感じるマネジメント』 (リクルートHCソリューショングループ編 英治出版)
 本書は世界有数の自動車部品メーカー、デンソーがグローバル化した自社組織において、デンソー・スピリットを共有しようとする取り組みの物語。筆者は取り組みを主導したコンサルタントで、その視点から記述は行われている。
 企業理念やビジョンの重要性は今さら言うまでもなく、おいらも仕事で理念づくりやビジョンを共有するための冊子づくりのお手伝いをすることがあるので手に取ってみたのだが、これが意外と面白かったのでちょいと書評など。
 理念などで会社が大切にすべき価値観を明確にすることはとても大切な作業であるが、本当に難しいのはそこから先だ。立派な理念をつくっても組織に浸透させることができずに終わったケースは掃いて捨てるほどあるだろう。どこぞのコムスンみたいにみんなで唱和したって、そう簡単に社訓の類が人の心に受容されるわけではないのです。まして、デンソーのような世界中に拠点を持つ巨大グローバル企業で価値観を共有する難しさは想像を絶する。
 本書、というかデンソーのケースがユニークなのは、デンソー・スピリットを浸透させる方法論としてキリスト教の伝道に着目し、そこから価値観伝播のモデルをつくり出した点にある。
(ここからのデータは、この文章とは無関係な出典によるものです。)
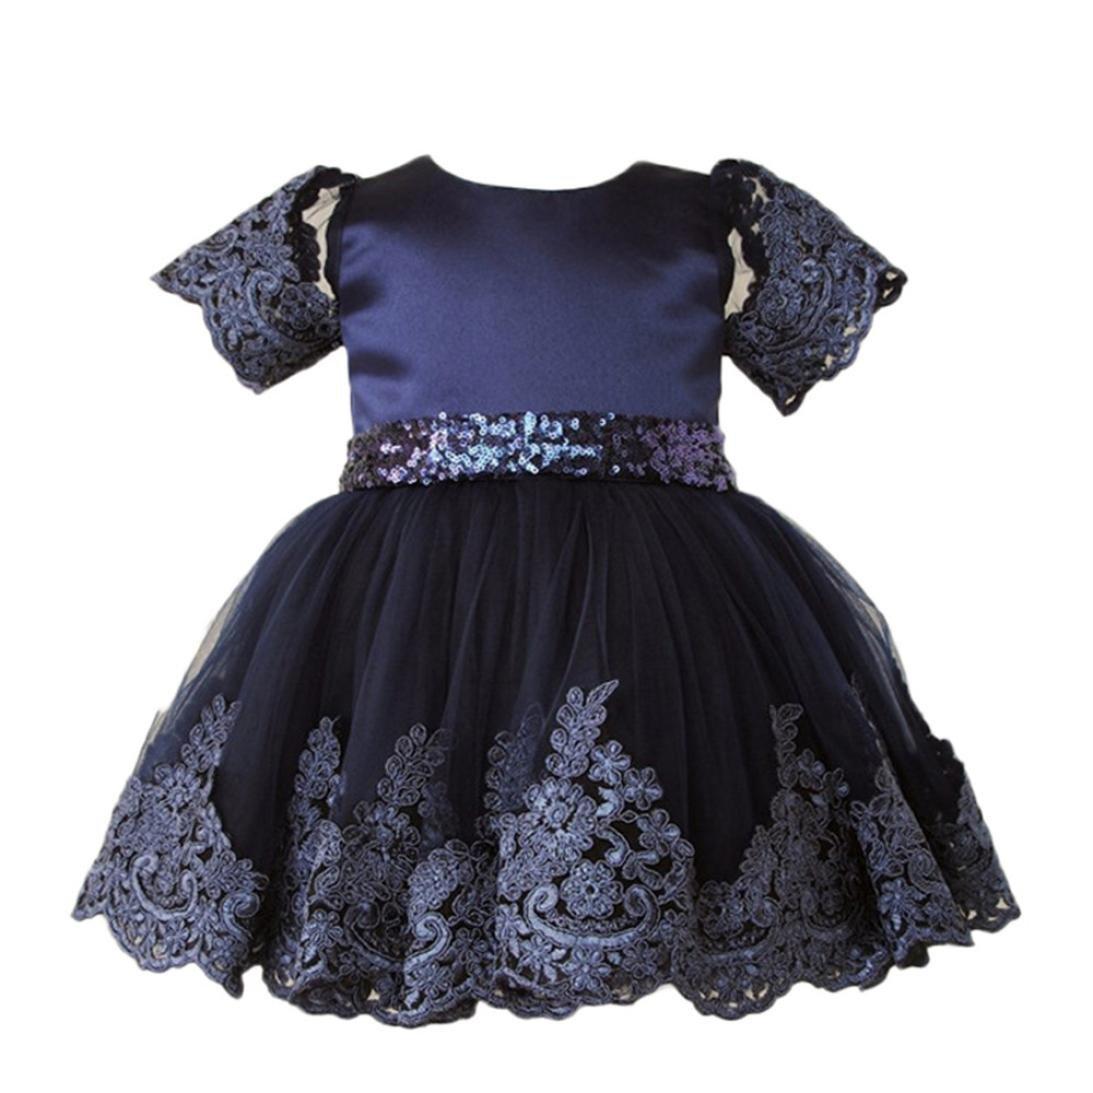 KONFA Teen Toddler Baby Girls Cartoon Striped Pocket Dress,Little Princess Long Sleeve Skirt Pullover Clothes Set

伝道の要諦は「相手の心の中にある宝物」を相手と一緒に見つけながら共に豊かになることにあり、そこから「相手の心の中にある宝物」とデンソー・スピリットをつなぐ方法を筆者らは探っていったのだ。
 キリスト教の伝道については、スペインが南米でやったことなどを考えると、個人的にはろくな印象を持っていないのだけれど、それを抜きにすれば「こんな意外なところからヒントを得て、新たな方法を確立していけるのか」という面白さがあった。

|

« 出戻り編 | トップページ | 港のお仕事 »

コメント

この記事へのコメントは終了しました。

トラックバック


この記事へのトラックバック一覧です: 「相手の心の中にある宝物」:

« 出戻り編 | トップページ | 港のお仕事 »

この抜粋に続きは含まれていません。